HISTORIEK
De oorspronkelijke villa werd rond 1868 gebouwd in opdracht van grootgrondbezitter Benjamin Crombez, naar de plannen van de Doornikse architect De Man-Bogaert. De luxueuze residentie, bekend als "La Villa des Lapins", dankte haar naam aan de vele afbeeldingen van konijnen die overal in en rond het gebouw te vinden waren. Deze kwamen in diverse vormen voor: opgevulde konijnenfiguren van stro, porseleinen en houten beeldjes, afbeeldingen in glas-in-loodramen en op klokken, en zelfs cementen konijnen aan de voorgevel. Wanneer Benjamin Crombez in de badplaats verbleef, wapperde de vlag van Nieuwpoort-Baden – een geel veld met een konijn – op het dak van de villa. Dit symbool verwees naar de talrijke “dunekeuntjes” in het omliggende duinengebied, dat destijds een uitgestrekte, ongerepte natuur vormde en regelmatig het toneel was van grote jachtpartijen, zoals die van 14 augustus 1876 met koning Leopold II.
De Eerste Wereldoorlog bracht echter een tragisch einde aan de villa. Op 13 oktober 1914 verbleef koning Albert I er voor een dag, maar op 11 november 1914 werd het gebouw door brand volledig verwoest. In 1920 begon men met plannen voor de wederopbouw. Onder leiding van Leon Verlinden en Louis Joyeux werd eerst de bekende “boyau cave” verwijderd, een lange loopgraaf die zich uitstrekte van Oostduinkerke tot het Hendrikaplein, met hier en daar uitgangen, waaronder bij de huidige IJzerstraat.

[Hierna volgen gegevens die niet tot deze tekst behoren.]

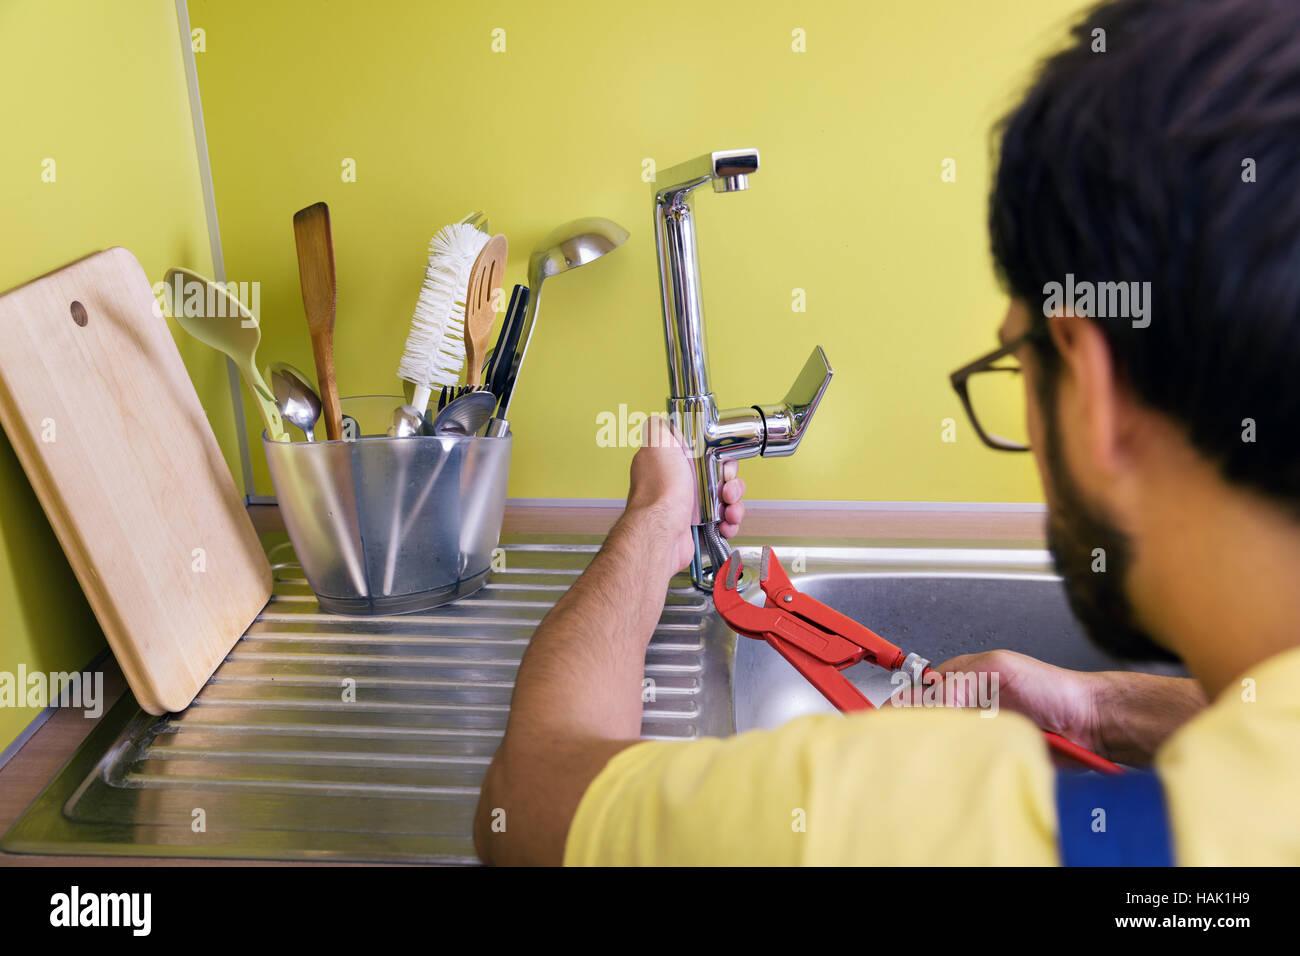 Outdoorküche Mit Kühlschrank Reparieren : Wasserhahn in der küche reparieren hornbach arbeitsplatten küche

In 1924 verrees het nieuwe gebouw, met een gevelbreedte van 62 meter, in Normandische stijl. Het complex omvatte een grote villa, een kleinere villa en een serre. Het imposante dak werd doorbroken door dakkapellen en standvensters, en aan de achterzijde, langs de "Voie Auguste" (de vroegere naam van de Albert I-laan), lag een open tuin. Het beheer van de villa was in handen van de conciërges Louis Joyeux en Georges Levecque. Prins Karel bracht regelmatig een bezoek aan het gebouw.

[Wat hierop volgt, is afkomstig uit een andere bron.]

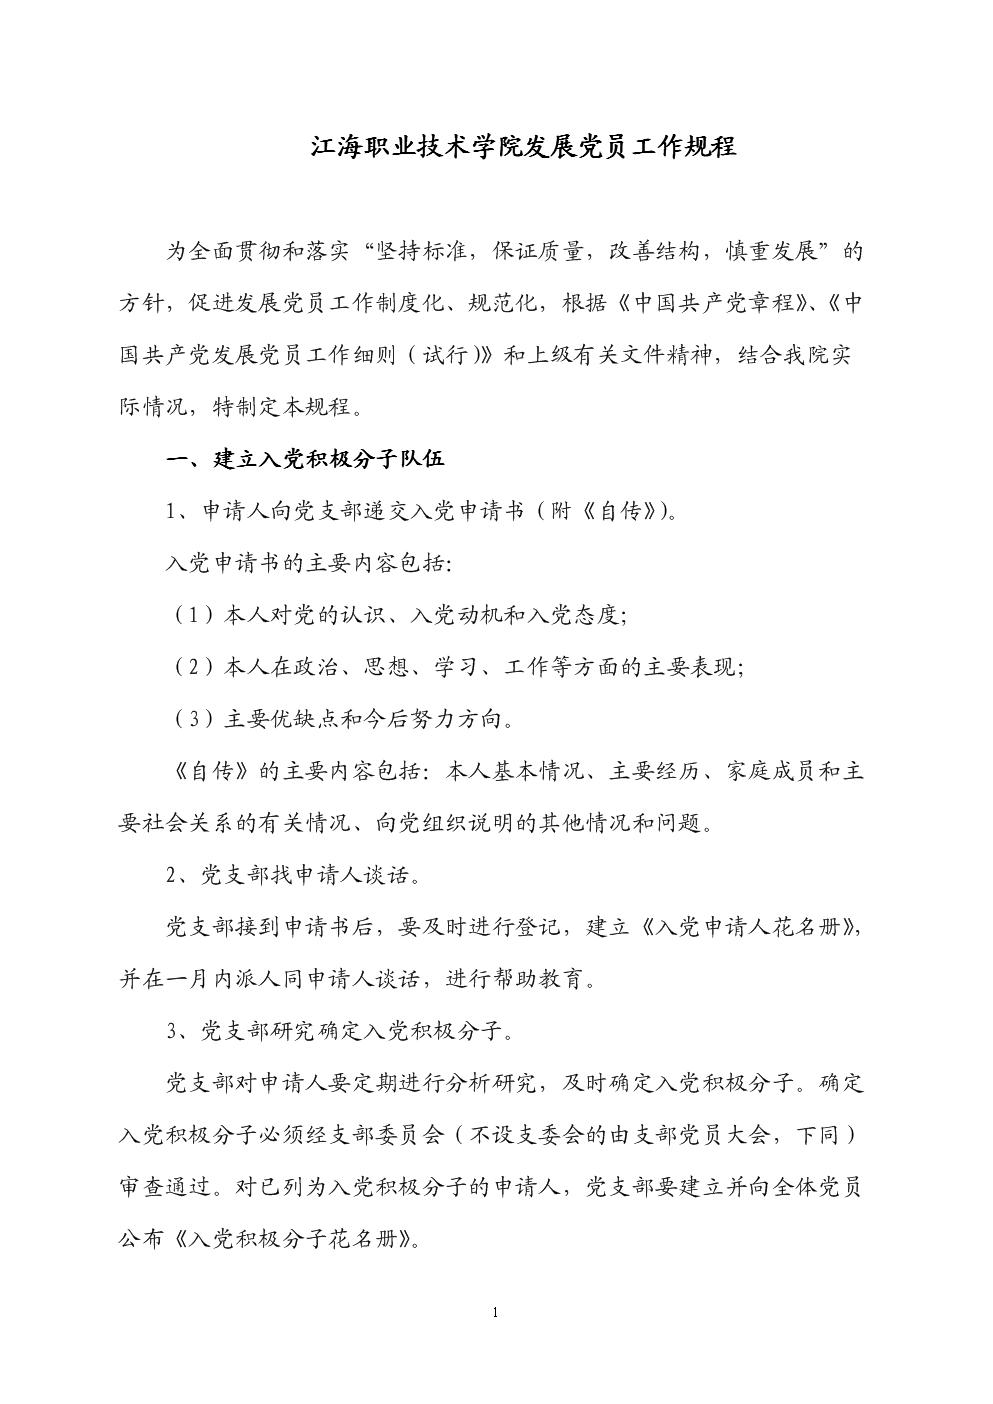 江海职业技术学院发展党员工作规程.doc

Tijdens de Tweede Wereldoorlog werd de villa bezet door de Duitse overheid. Na de bevrijding, van mei 1945 tot september 1946, diende het gebouw als kazerne voor de ontmijningsdienst van het Belgische leger. In 1947 werd het een A.E.P.-tehuis voor oorlogswezen, gefinancierd door de Belgische staat.
In december 1949 werd de villa aangekocht door de vzw Kindervreugde, die het openstelde voor sociaal toerisme. In 1981 werd het gebouw opgenomen in de lijst van het Belgisch cultuurpatrimonium en geklasseerd als beschermd stadszicht. Aanvankelijk werd de villa enkel in juli en augustus gebruikt voor kindervakanties, maar later kreeg ze een multifunctionele invulling. Gepensioneerden, diverse organisaties, scholen en gezinnen konden er het hele jaar door terecht.